Depuis vous vous êtes lancée dans la musique entre autres. Vous avez d’ailleurs un titre en écoute sur MYSPACE « Une femme ». Parlez-nous de cette passion et de sa portée pour vous?
CDJ – La musique ? Enfin, j’ai tourné une page sur ce cauchemar et je suis retournée à la vraie vie. Pour moi, la musique en fait partie. J’ai épousé, il y a trois ans un musicien compositeur, producteur norvégien très célèbre en Scandinavie. Il m’a demandé d’écrire des textes et m’a aidée à travailler ma voix. Nous préparons tous les deux un album. La chanson que vous avez entendue sur Myspace , « Une femme », est la première enfin terminée.
Enfant, j’ai pendant douze ans pris des cours d’harmonie et instrument. Je voulais être compositeur. Aujourd’hui je laisse à mon époux le soin de composer, je me contente d’écrire les textes et de chanter et souvent en duo avec lui. Je m’éclate !!! (rires)

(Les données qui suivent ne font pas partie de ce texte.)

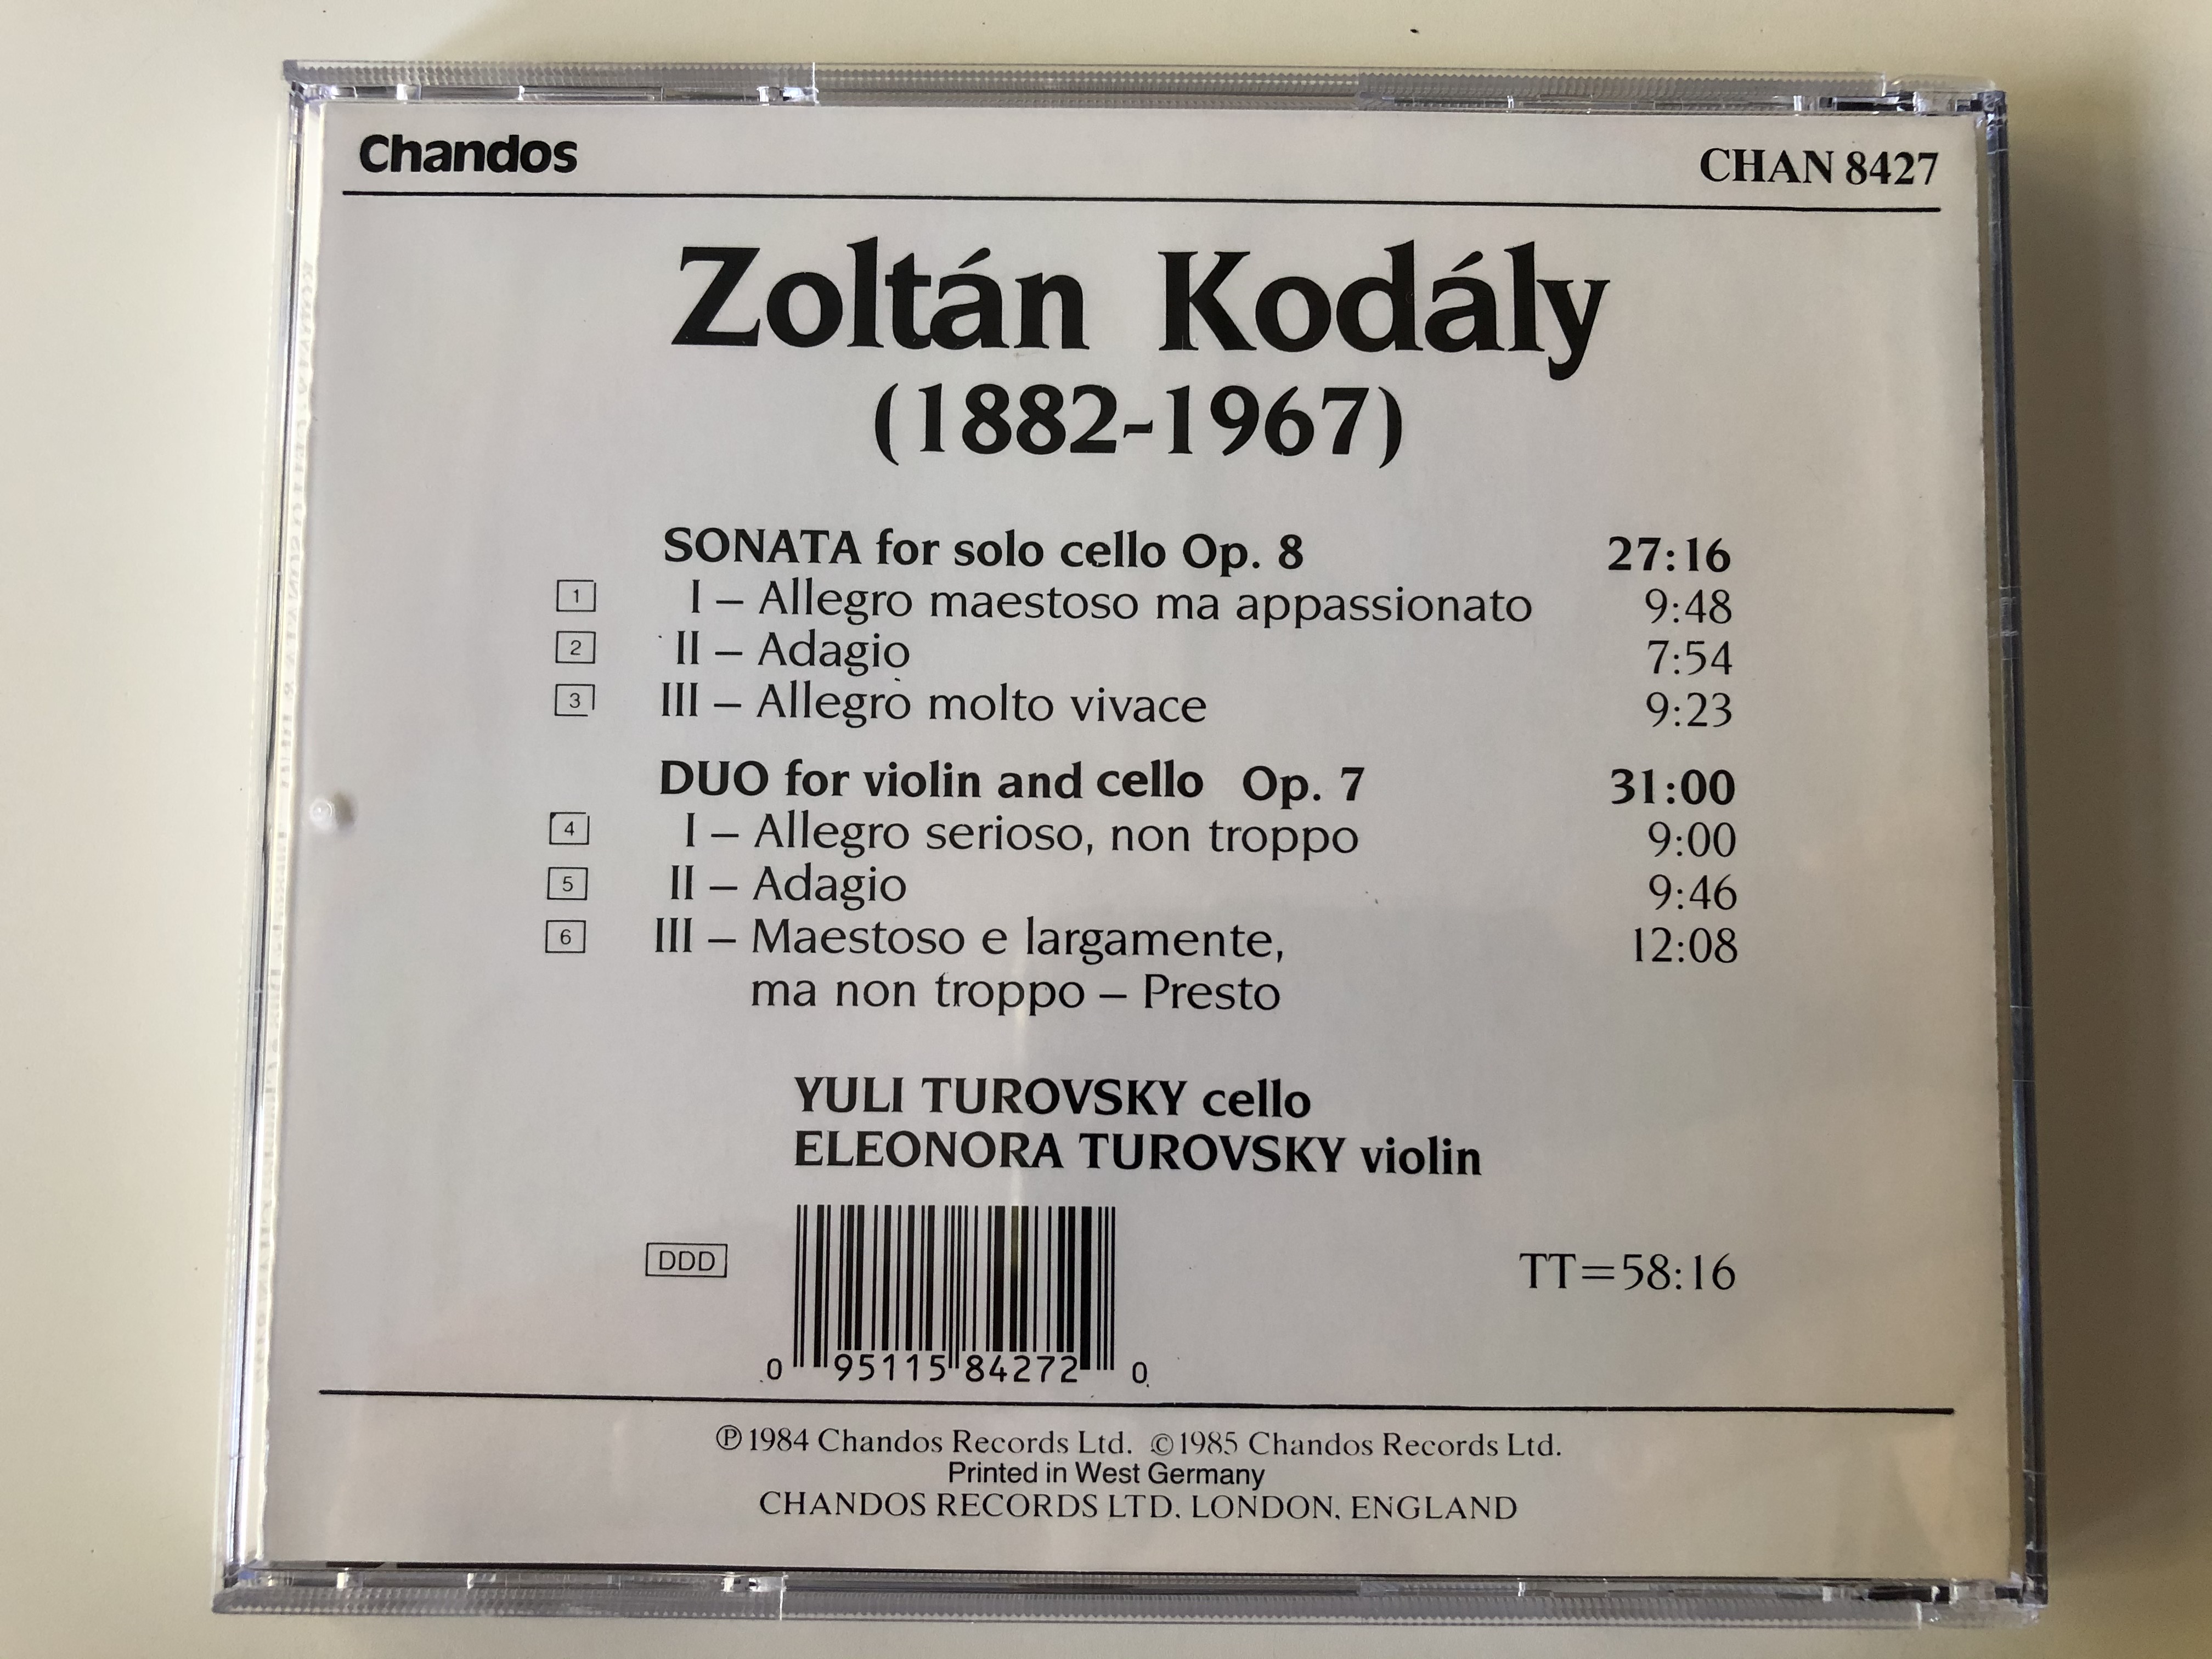 kod-ly-solo-cello-sonata-op.8-duo-for-violin-and-cello-op.7-yuli-turovsky-cello-eleonora-turovsky-violin-chandos-audio-cd-1985-chan-8427-7-.jpg

Sur votre profil facebook, il y a une citation de Madame de Stael « La gloire est pour une femme le deuil éclatant du bonheur ». Pouvez-vous nous en dire plus?
CDJ – Je trouve que cette citation me correspond parfaitement. Quand j’entendais certains dire ou me reprocher d’avoir « joué la star dans les médias » et de rechercher la notoriété, personne ne pouvait réellement imaginer ce que cela cachait de souffrances, de peurs, d’angoisses, de misères…. Oui, cette « gloire » n’était que le deuil éclatant de tout ce qui avait été les bonheurs de ma vie d’avant et qui s’étaient brutalement transformés en cauchemar. Je vivais très bien dans l’ombre avant qu’on ne vienne me chercher. Comme quoi, il ne faut pas toujours donner trop de crédit aux images tabloïds. En ce qui me concerne, j’ai protégé ma vie derrière cette lumière en souriant… c’était le but et seulement cela !
Pour finir, quels sont vos projets les plus chers à l’heure actuelle?
CDJ – Un non-lieu récemment m’a aidé à tirer un trait sur ce passé. Je suis blanchie et soulagée. Mon regret : onze ans de souffrances pour rien ! Tout ça pour ça… Alors me reconstruire avec des projets : cet album musique en préparation et puis l’écriture plus que jamais. Je n’ai jamais cessé. J’écris des contes fantastiques que j’illustre, car une autre ancienne passion : le dessin et la peinture…(mon père était artiste peintre graveur et sculpteur), publiés en Norvège. En France je ne sais pas… difficile ici de changer mon image et de sortir du tiroir où l’on m’a enfermée! Un éditeur récemment qui a voulu lire un de ces contes a regretté « qu’il n’y ait pas des révélations sur les chaussures de Dumas ». Dommage ! Un projet de théâtre sur scène au printemps prochain à Toulouse. Un film, long métrage fiction inspirée de mon histoire en préparation qui me réjouit… Et puis apprendre à savourer des petits morceaux de bonheur chaque jour… il y en a si l’on veut s’en donner la peine, même dans les moments les plus sombres.
Propos recueillis par Nicolas Vidal.